BLOG POSTS

MangoHost Blog / Writing CNNs from Scratch in PyTorch – Beginner’s Guide

Writing CNNs from Scratch in PyTorch – Beginner’s Guide

Convolutional Neural Networks (CNNs) are the backbone of modern computer vision applications, powering everything from image classification to object detection systems. While frameworks like TensorFlow and Keras make it easy to build CNNs with high-level abstractions, understanding how to implement them from scratch in PyTorch provides crucial insights into their inner workings and gives you greater control over your models. This guide will walk you through building CNNs from the ground up, covering the mathematical foundations, practical implementation details, and common troubleshooting scenarios you’ll encounter when deploying these models on production servers.

How CNNs Work Under the Hood

Before diving into code, it’s essential to understand what happens inside a CNN. At its core, a CNN applies learnable filters (kernels) across input images through convolution operations, followed by pooling layers that reduce spatial dimensions and fully connected layers for final classification.

The key components include:

Convolutional layers that detect features like edges, textures, and patterns
Activation functions (typically ReLU) that introduce non-linearity
Pooling layers that downsample feature maps and reduce computational load
Fully connected layers that map features to class probabilities
Dropout layers for regularization to prevent overfitting

PyTorch’s dynamic computation graph makes it particularly well-suited for understanding these operations since you can inspect tensors at each step and modify the forward pass dynamically.

Setting Up Your Development Environment

First, ensure you have the necessary dependencies installed. If you’re running this on a VPS or dedicated server, make sure you have sufficient RAM (at least 8GB recommended) and GPU support if available.

pip install torch torchvision matplotlib numpy
# For GPU support (optional but recommended)
pip install torch torchvision torchaudio --index-url https://download.pytorch.org/whl/cu118

Verify your installation:

import torch
import torchvision
import torch.nn as nn
import torch.optim as optim

print(f"PyTorch version: {torch.__version__}")
print(f"CUDA available: {torch.cuda.is_available()}")
if torch.cuda.is_available():
    print(f"GPU device: {torch.cuda.get_device_name(0)}")

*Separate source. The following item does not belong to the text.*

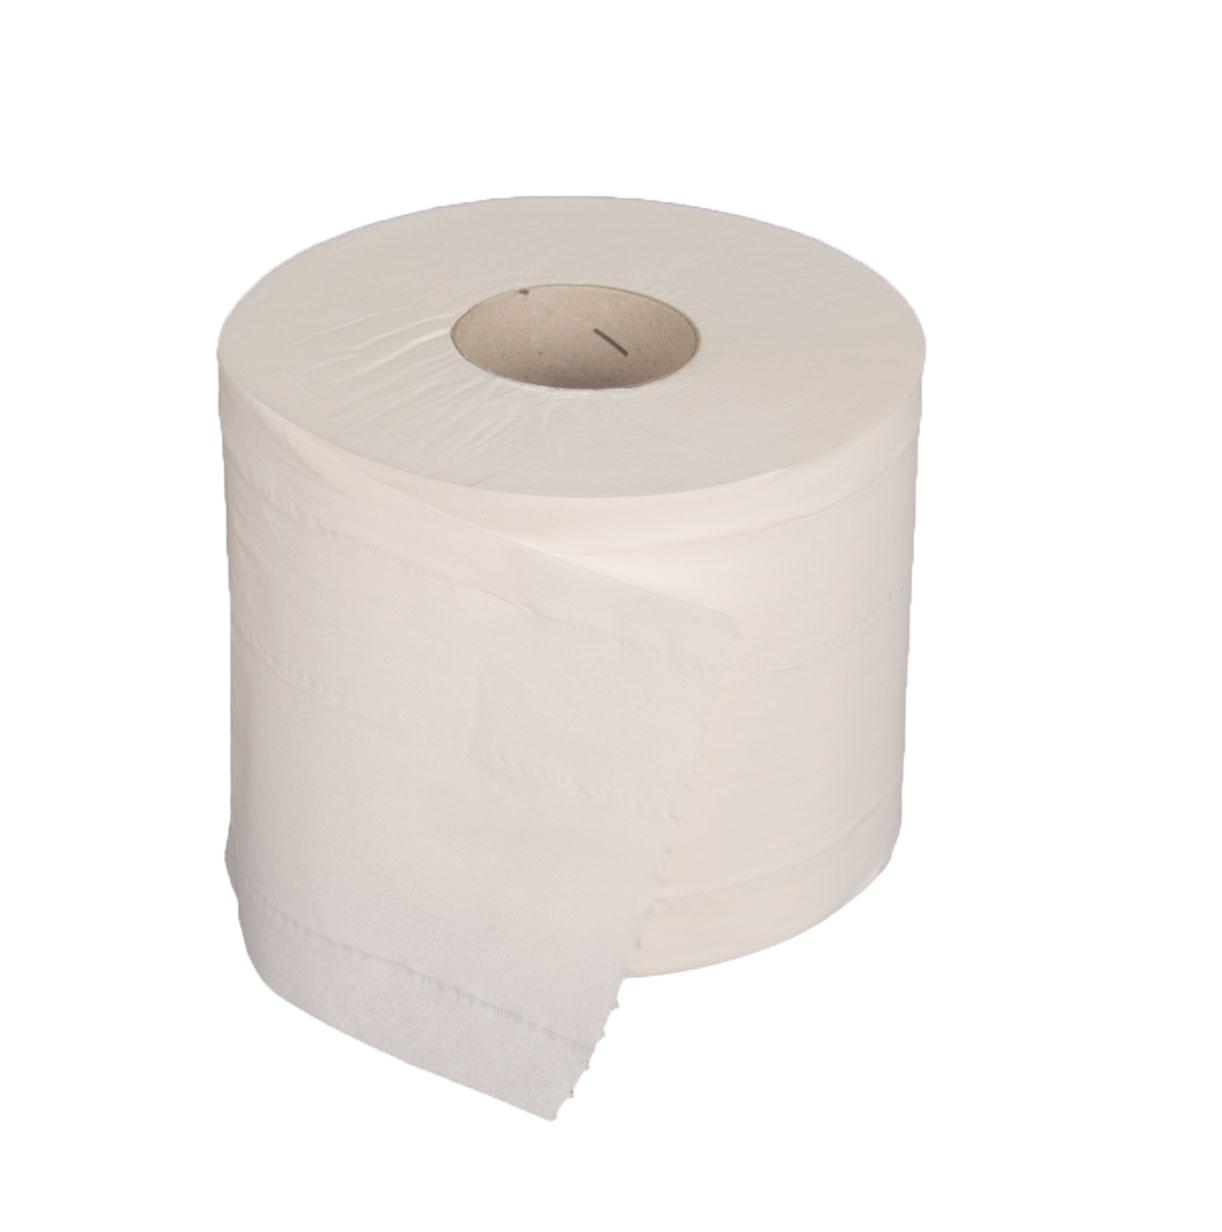 Toiletpapier 2-laags,centraal systeem

Building Your First CNN from Scratch

Let’s start with a simple CNN for CIFAR-10 classification. This implementation shows the fundamental structure without any shortcuts:

import torch
import torch.nn as nn
import torch.nn.functional as F

class SimpleCNN(nn.Module):
    def __init__(self, num_classes=10):
        super(SimpleCNN, self).__init__()
        
        # First convolutional block
        self.conv1 = nn.Conv2d(in_channels=3, out_channels=32, 
                              kernel_size=3, padding=1)
        self.bn1 = nn.BatchNorm2d(32)
        self.pool1 = nn.MaxPool2d(kernel_size=2, stride=2)
        
        # Second convolutional block
        self.conv2 = nn.Conv2d(in_channels=32, out_channels=64, 
                              kernel_size=3, padding=1)
        self.bn2 = nn.BatchNorm2d(64)
        self.pool2 = nn.MaxPool2d(kernel_size=2, stride=2)
        
        # Third convolutional block
        self.conv3 = nn.Conv2d(in_channels=64, out_channels=128, 
                              kernel_size=3, padding=1)
        self.bn3 = nn.BatchNorm2d(128)
        self.pool3 = nn.MaxPool2d(kernel_size=2, stride=2)
        
        # Fully connected layers
        self.fc1 = nn.Linear(128 * 4 * 4, 512)
        self.dropout = nn.Dropout(0.5)
        self.fc2 = nn.Linear(512, num_classes)
        
    def forward(self, x):
        # First block
        x = self.pool1(F.relu(self.bn1(self.conv1(x))))
        
        # Second block
        x = self.pool2(F.relu(self.bn2(self.conv2(x))))
        
        # Third block
        x = self.pool3(F.relu(self.bn3(self.conv3(x))))
        
        # Flatten for fully connected layers
        x = x.view(x.size(0), -1)
        
        # Fully connected layers
        x = F.relu(self.fc1(x))
        x = self.dropout(x)
        x = self.fc2(x)
        
        return x

# Initialize the model
model = SimpleCNN(num_classes=10)
print(f"Total parameters: {sum(p.numel() for p in model.parameters()):,}")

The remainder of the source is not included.